In-memory storage of historical events

Yunikorn stores a previously generated event objects in a ring buffer. Once it gets full, oldest elements are overwritten. The default size of the buffer is 100000. On a busy cluster this might not be enough. The size can be changed in the configmap by using the key event.ringBufferCapacity. Keep in mind that increasing the size results in higher memory usage and longer GC pause times. Events that are put in the ring buffer are not removed, only overwritten. If the size of the buffer gets smaller after a config change, the oldest entries that do not fit are discarded.

Every event is assigned an ID starting from 0. This can be used to fetch them based on ID.

Yunikorn currently does not offer a solution which stores the generated events in a persistent storage. However, this might change in the upcoming releases.

Retrieving events

The REST API provides two ways to see the generated events.

Batch REST endpoint

The batch endpoint is available at /ws/v1/events/batch. If not defined, the start ID is 0 and a maximum of 10000 events are returned. This can be changed by defining the "start" and "count" URL query parameters.

See batch interface for details.

Streaming REST endpoint

The streaming endpoint is available at /ws/v1/events/stream. Unlike the batch interface, which closes the connection after the query, streaming keeps the HTTP connection open. There is no idle timeout, so as long as the connection is stable, it is never closed. New events are sent immediately to active clients. The URL parameter "count" is also accepted; it tells Yunikorn how many recent events we want to fetch that were generated before the connection.
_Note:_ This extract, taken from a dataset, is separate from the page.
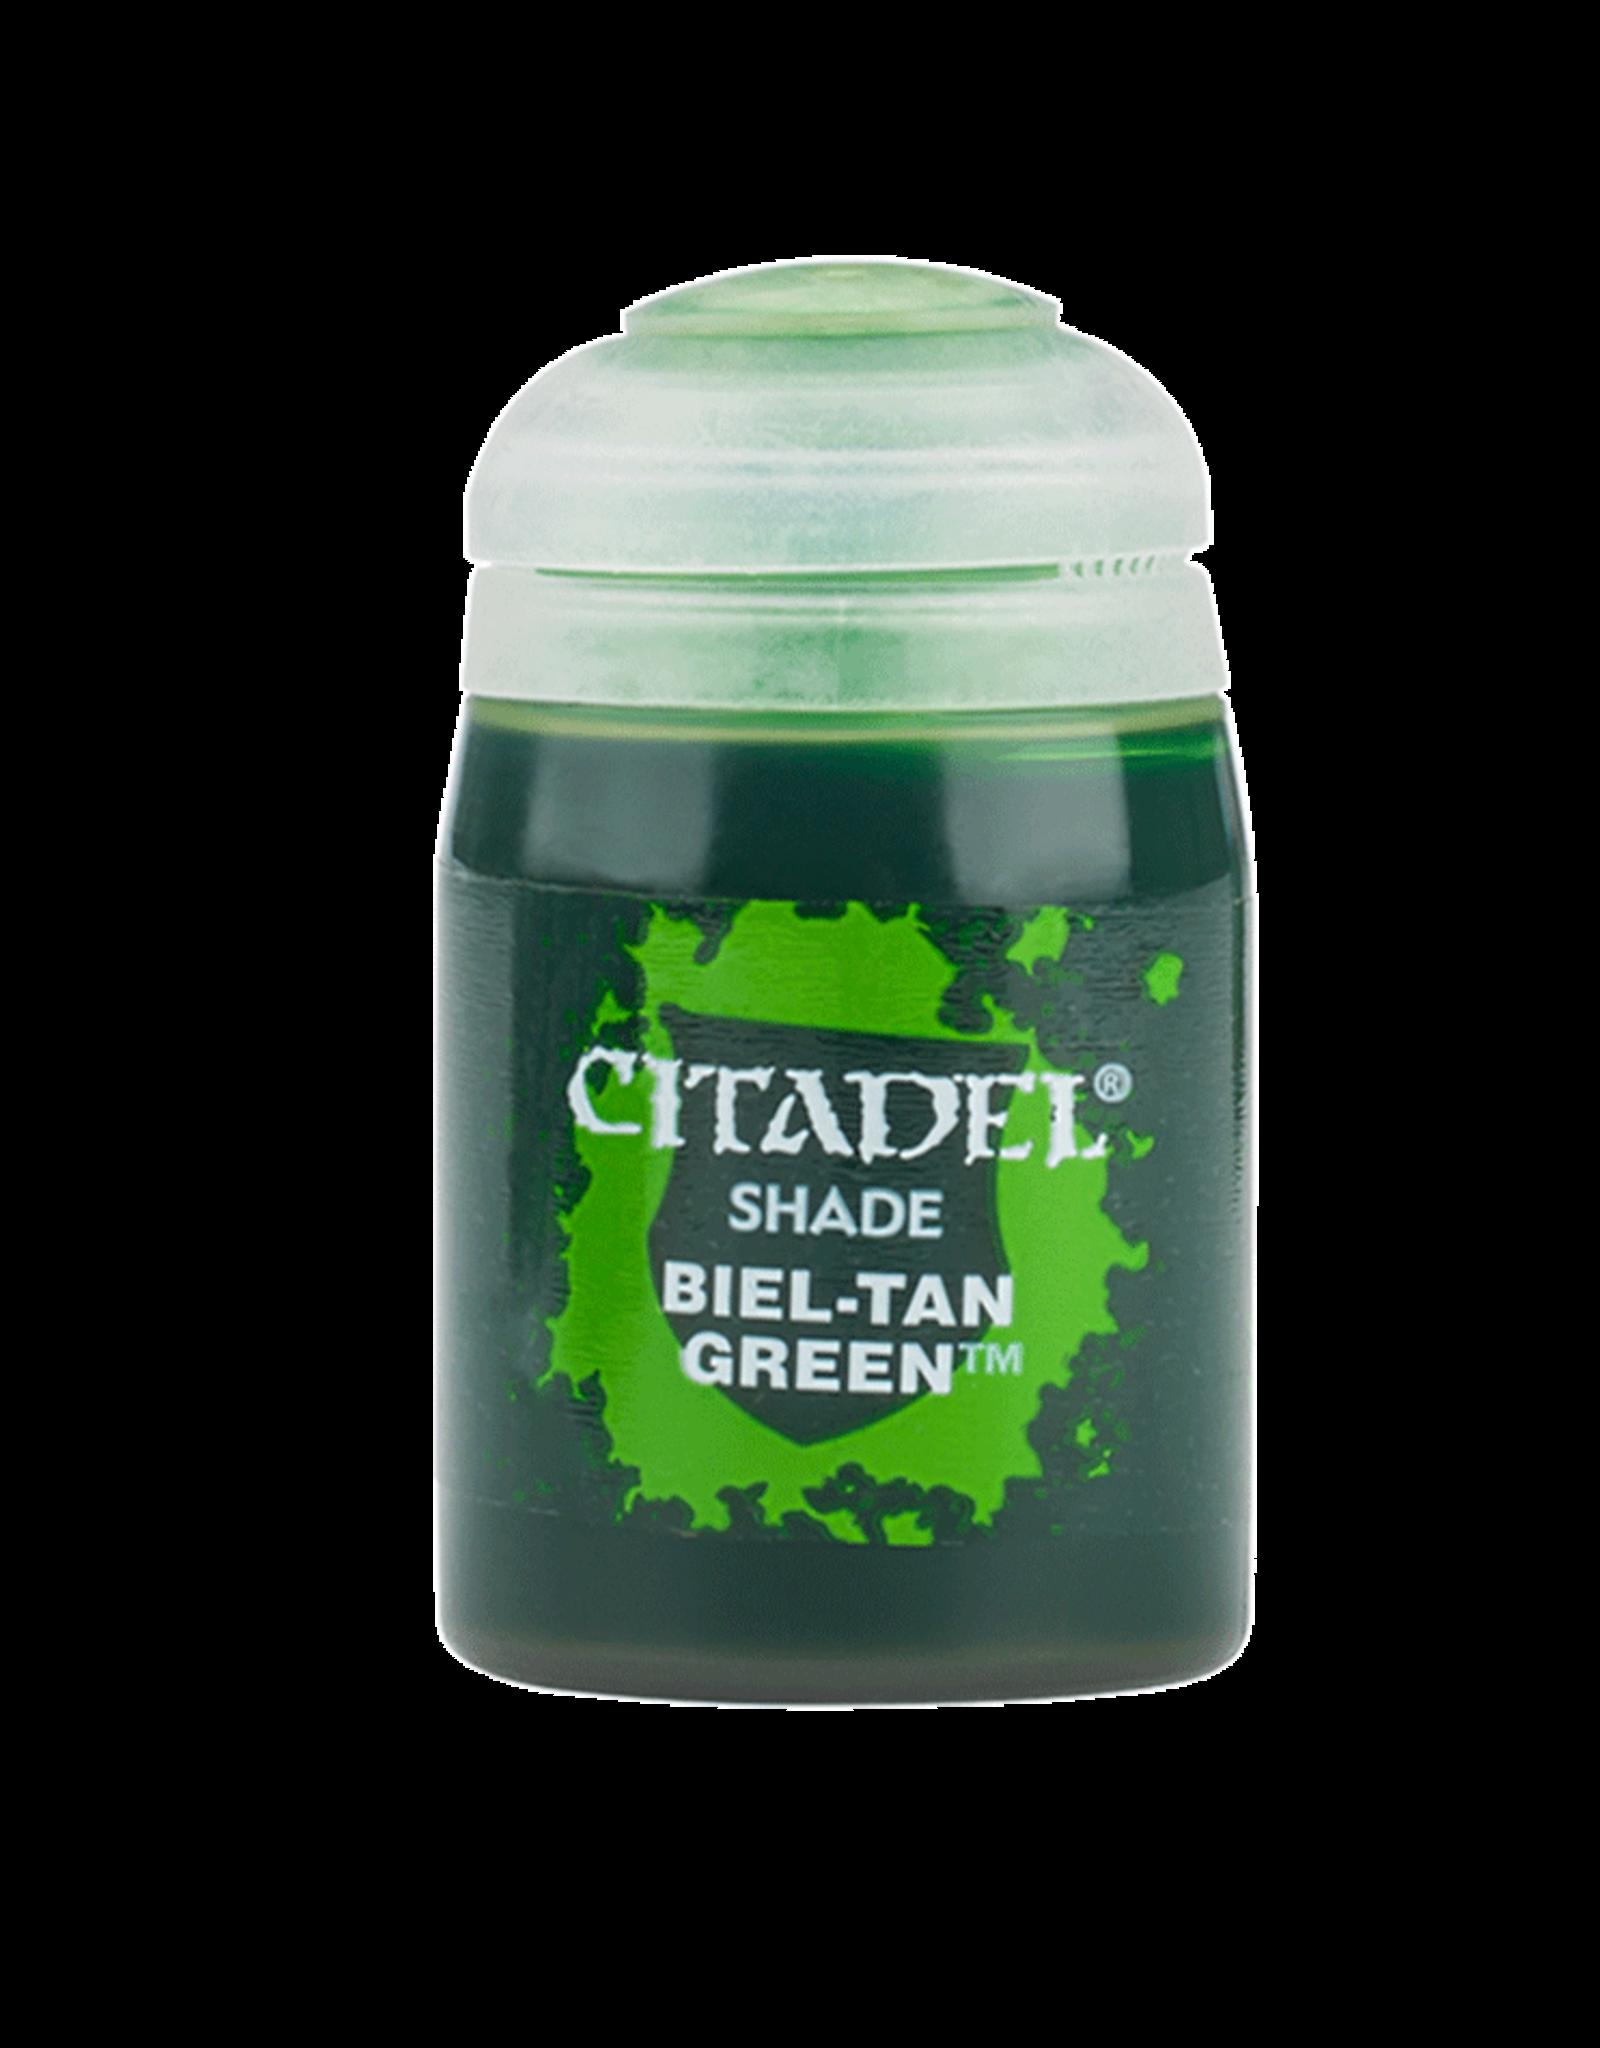 Citadel Citadel Shade: Biel-tan Green (24ml)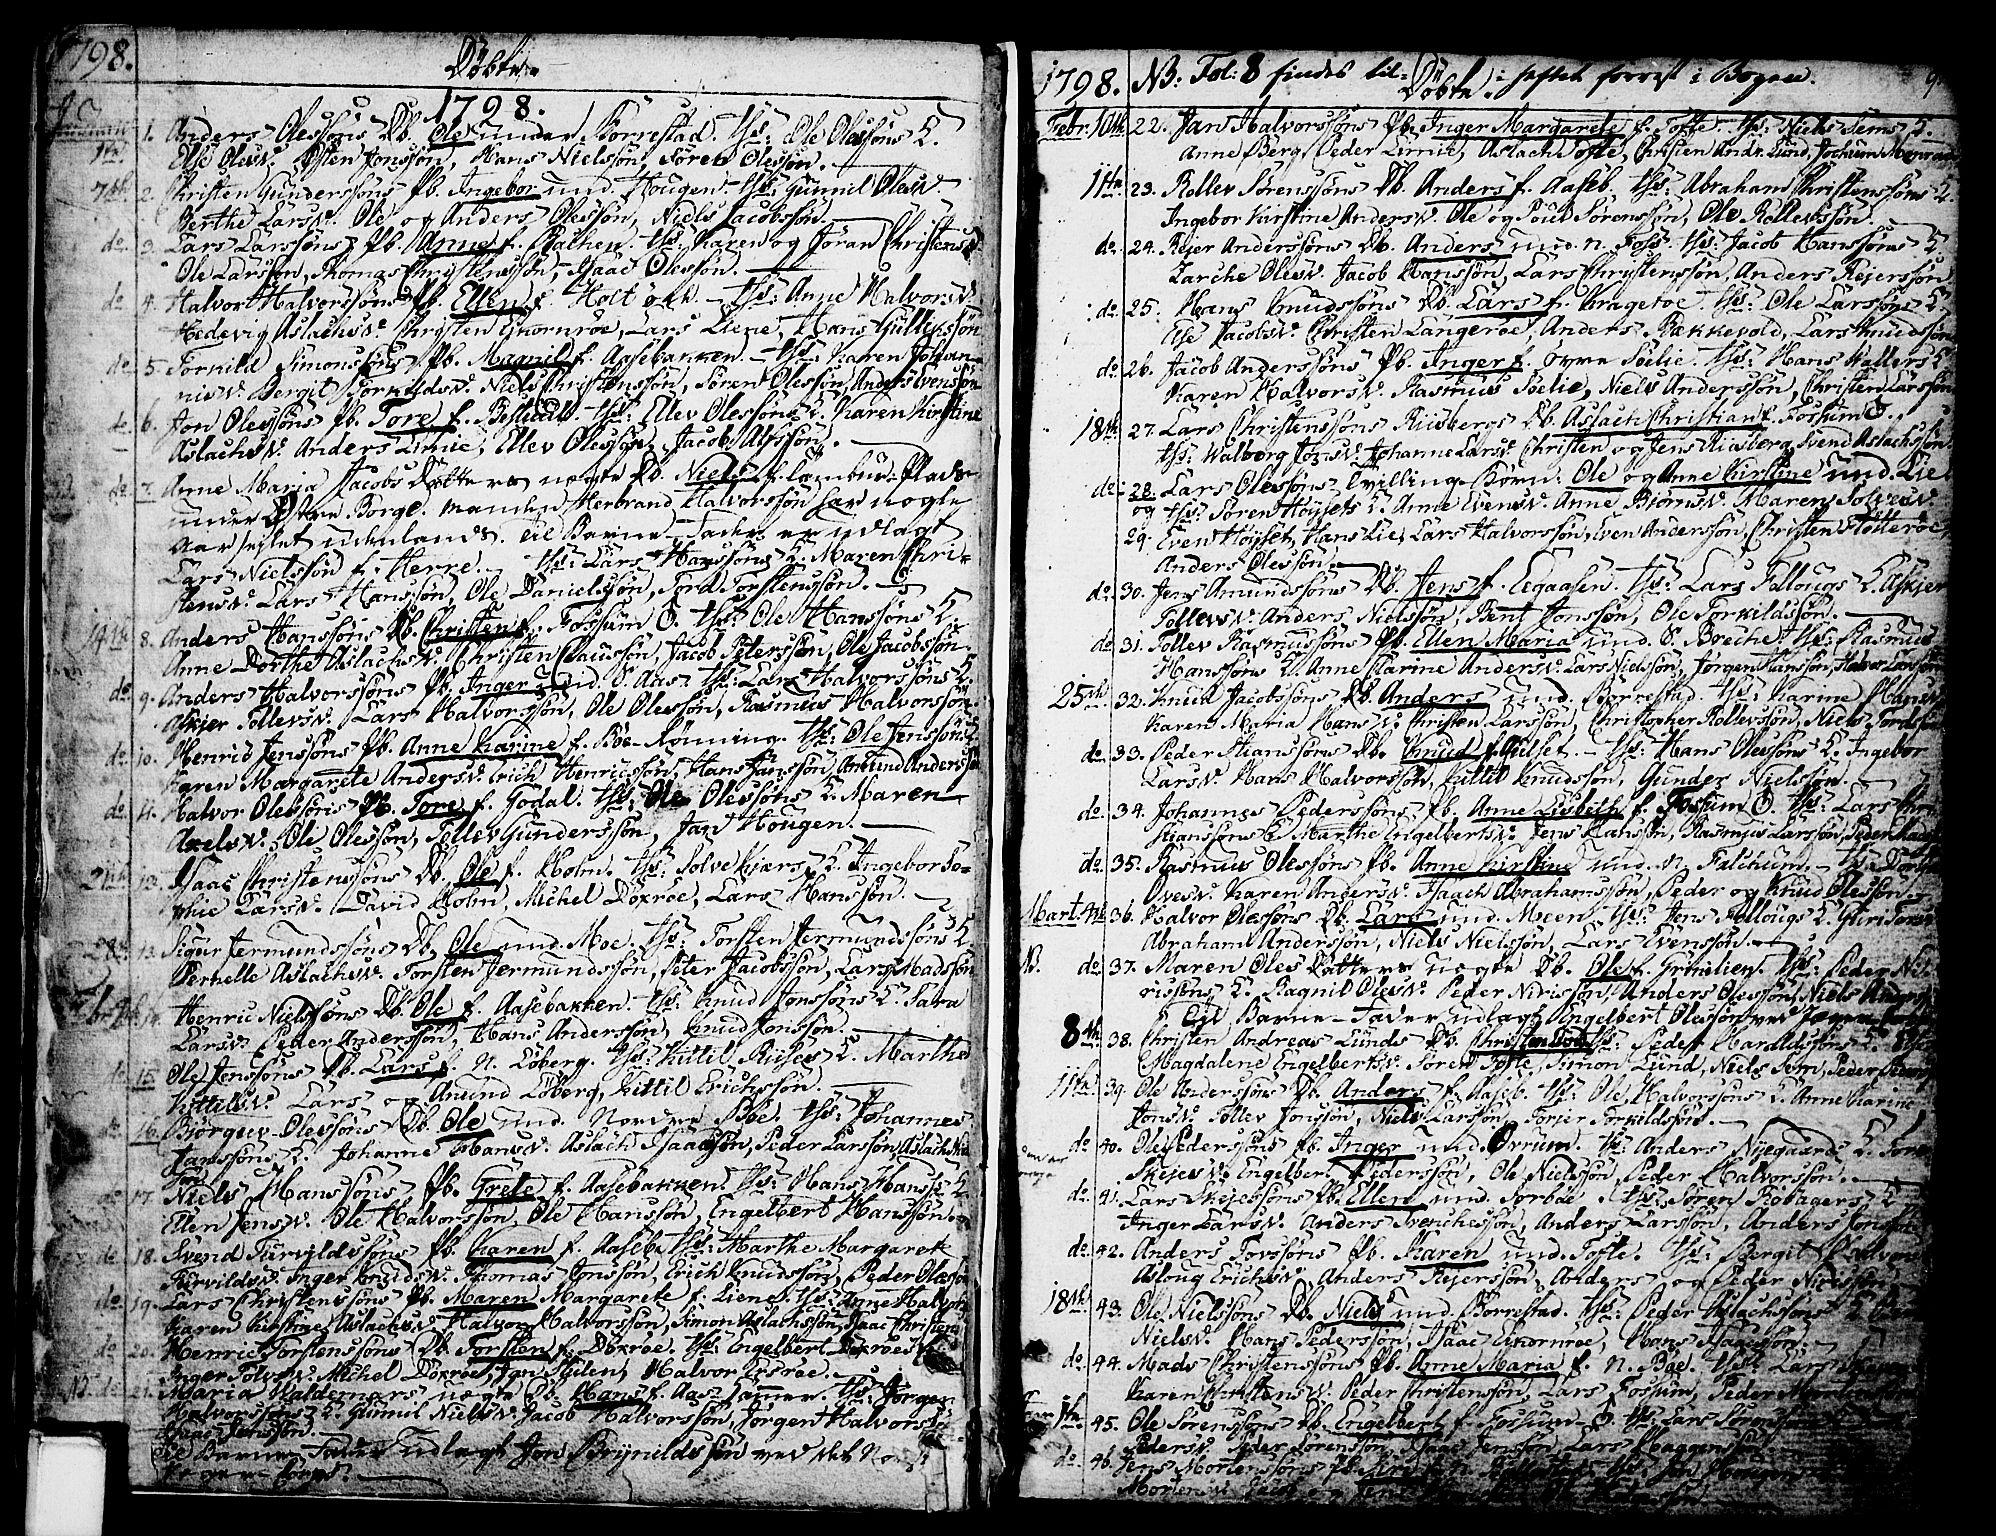 SAKO, Gjerpen kirkebøker, F/Fa/L0003: Ministerialbok nr. 3, 1796-1814, s. 9

Since this approach uses more resources inside Yunikorn, the number of streaming connections is limited, but the limits are configurable. See streaming for details. Existing connections are not closed after configuration change.

The active streaming connections are also shown in the state dump.

Event structure

A Yunikorn event has the following fields:

NameDescriptionAlways set
ObjectIDIdentifies the object what the event is about.Yes
ReferenceIDIdentifies a secondary object which is related to the first one. It can be an allocation ID, queue, etc.No
MessageTextual details. Relevant if it is sent to Kubernetes.No
TypeThe type of the ObjectID: application, queue, node, user/group.Yes
EventChangeTypeThe nature of the change: adding, setting, removing or none.Yes
EventChangeDetailFurther details about the change itself.Yes
TimestampNanoUnix nanotime inside Yunikorn when the event was generated.Yes
ResourceSet if the event involves a resource (eg. allocation occurs).No

Example: when an allocation occurs, we generate three events: an application event, a node event and a user event about the usage (there's a group event if the limits are configured in a certain way, but it's not relevant in this example). We use the following unique identifiers:

  • Application is "app-1"
  • The request is "req-1"
  • The selected node is "node-1"
  • Application belongs to the user "yunikorn"
  • The application has been placed in the queue "root.test"
What the event describesObjectIDReferenceIDTypeEventChangeTypeEventChangeDetail
Allocation occurred for a requestapp-1req-1-0 *EventRecord_APPEventRecord_ADDEventRecord_APP_ALLOC
Allocation on a nodenode-1req-1-0 *EventRecord_NODEEventRecord_ADDEventRecord_NODE_ALLOC
Resource usage changed for a useryunikornroot.testEventRecord_USERGROUPEventRecord_ADDEventRecord_UG_USER_RESOURCE

* the allocation ID is based on the ask ID plus a counter.

All events will contain the allocated resource.

Disabling the event system

Although it has negligible overhead, it is possible to completely disable Yunikorn events. This can be achieved by setting event.trackingEnabled to false. This does NOT clear the ring buffer contents, so the history recorded until the change is still available.